3. Is our organisation designed for maximum productivity?

As my teammate (and Pitch COO) Åsa discussed at the Tech.eu Summit recently, effective organisational design means orienting your team around your strategy — not the other way around.

In moments like these, it’s especially important that your structure reflects your growth plan. At Pitch, that means setting up every last inch of our organisation for product-led growth and product excellence.

There’s a benefit to doing this that extends beyond productivity. When teams are set up to contribute to the company’s strategy, they’re happier. Not only will you unlock the potential of your best performers; you’ll keep them around. 

4. Are we keeping it real with our teams?

This is a scary time. It’s been tough to wake up to headlines about layoffs at tech firms, and to see brilliant founders in our industry fighting to survive. 

Employees across the industry are naturally nervous for their jobs, so being open with your teams at this time is critical. That’s why we've shared our financing approach with every employee, and will continue to provide a long-term strategy and outlook to everyone.  

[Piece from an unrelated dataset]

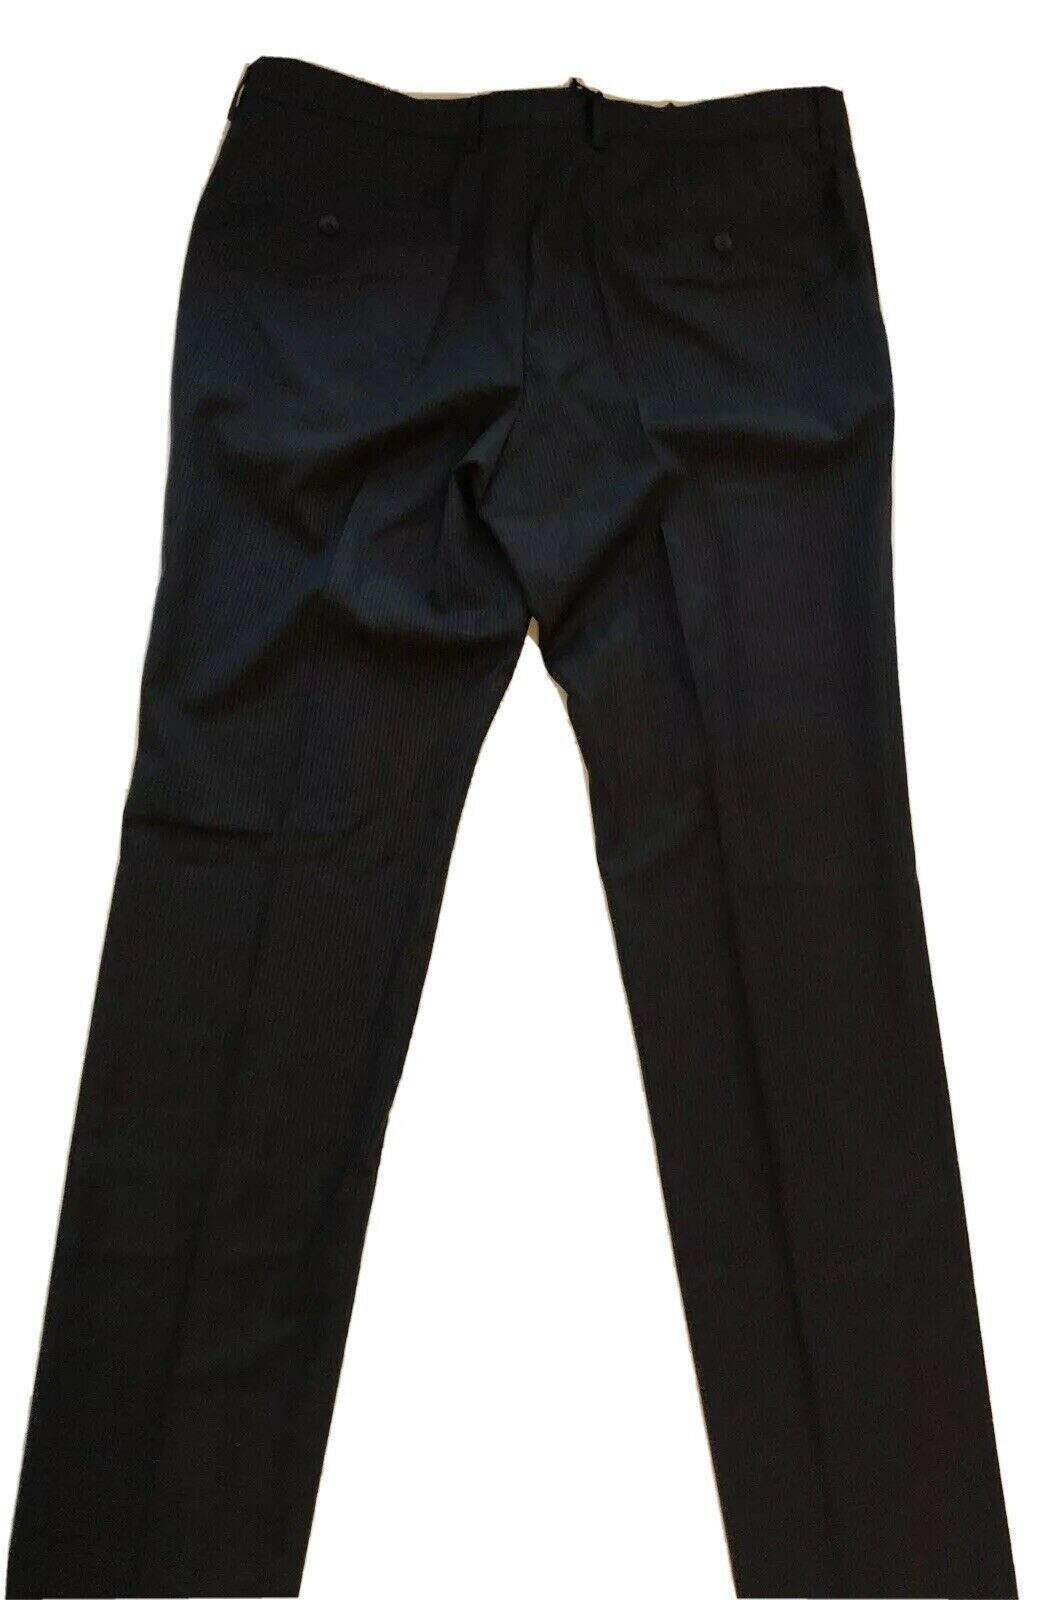 NWT $245 Boss Hugo Boss Genesis2 Mens Wool Gray Dress Pants Size 38R US Germany
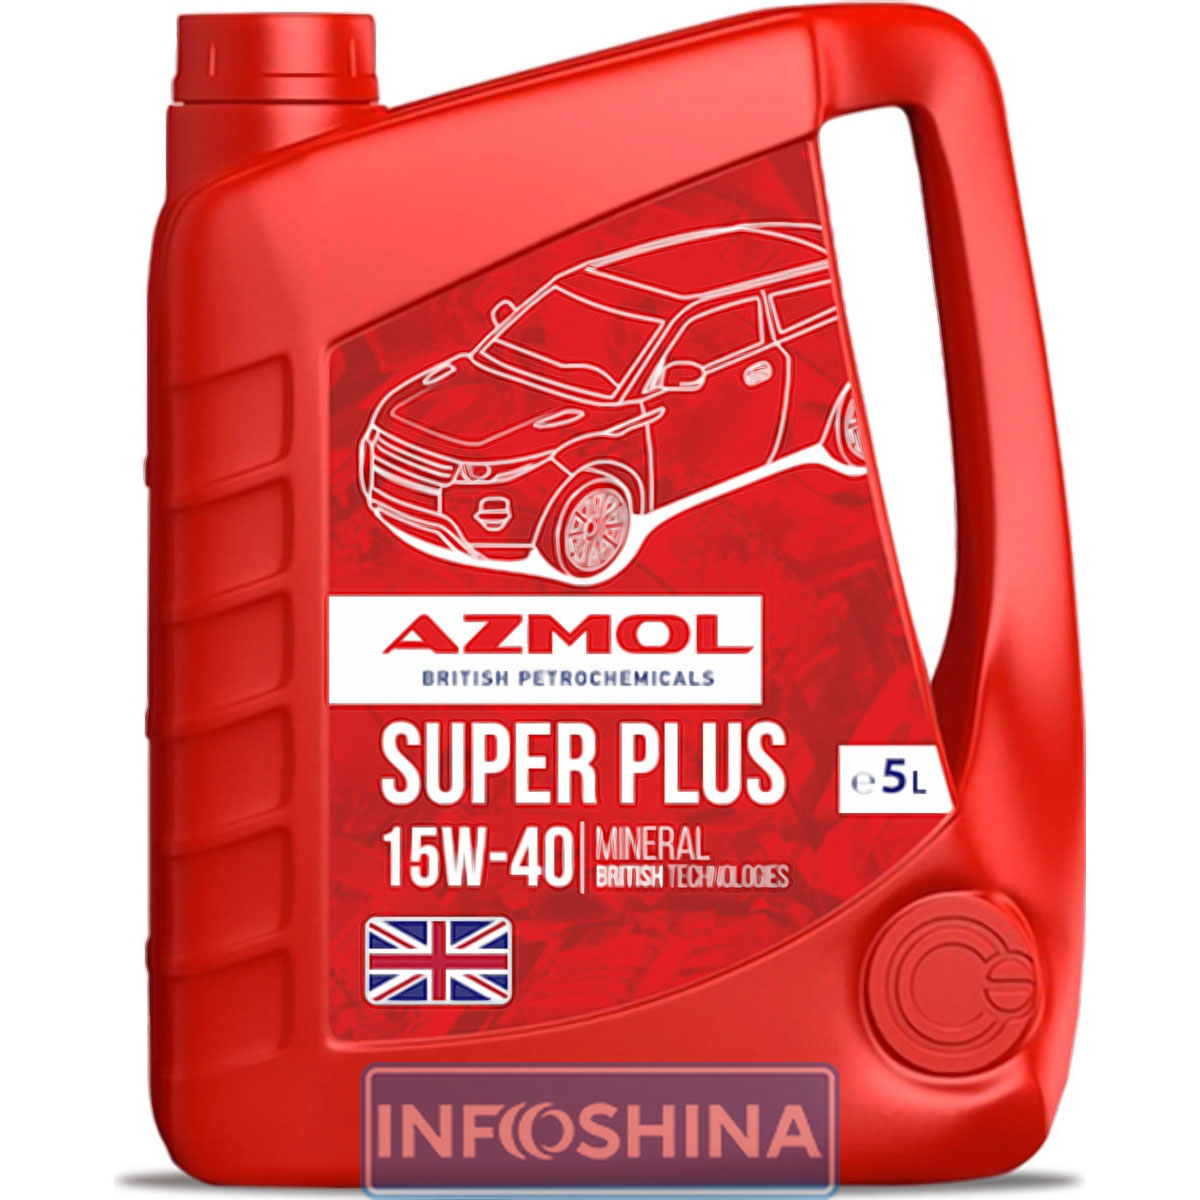 Azmol Super Plus 15W-40

This is a make-or-break moment for culture, so it is vital to give everyone confidence and clarity in our direction — and stay close to our team to preserve their trust.

5. Have we kept our options open for whatever the future holds?

I remain incredibly bullish on the future of tech, but it isn't likely that the market will recover any time soon. I think we’re in for a tough stretch for at least 12 to 24 months.

When the market does rally and recover, it’s going to happen quickly, and it’s how you react that counts. So we’re setting none of these above measures in stone, and we’re staying open-minded and ready to hit the gas pedal again.

Keeping our options open for the future remains my top priority. And if you’re a founder like me, it should be yours, too.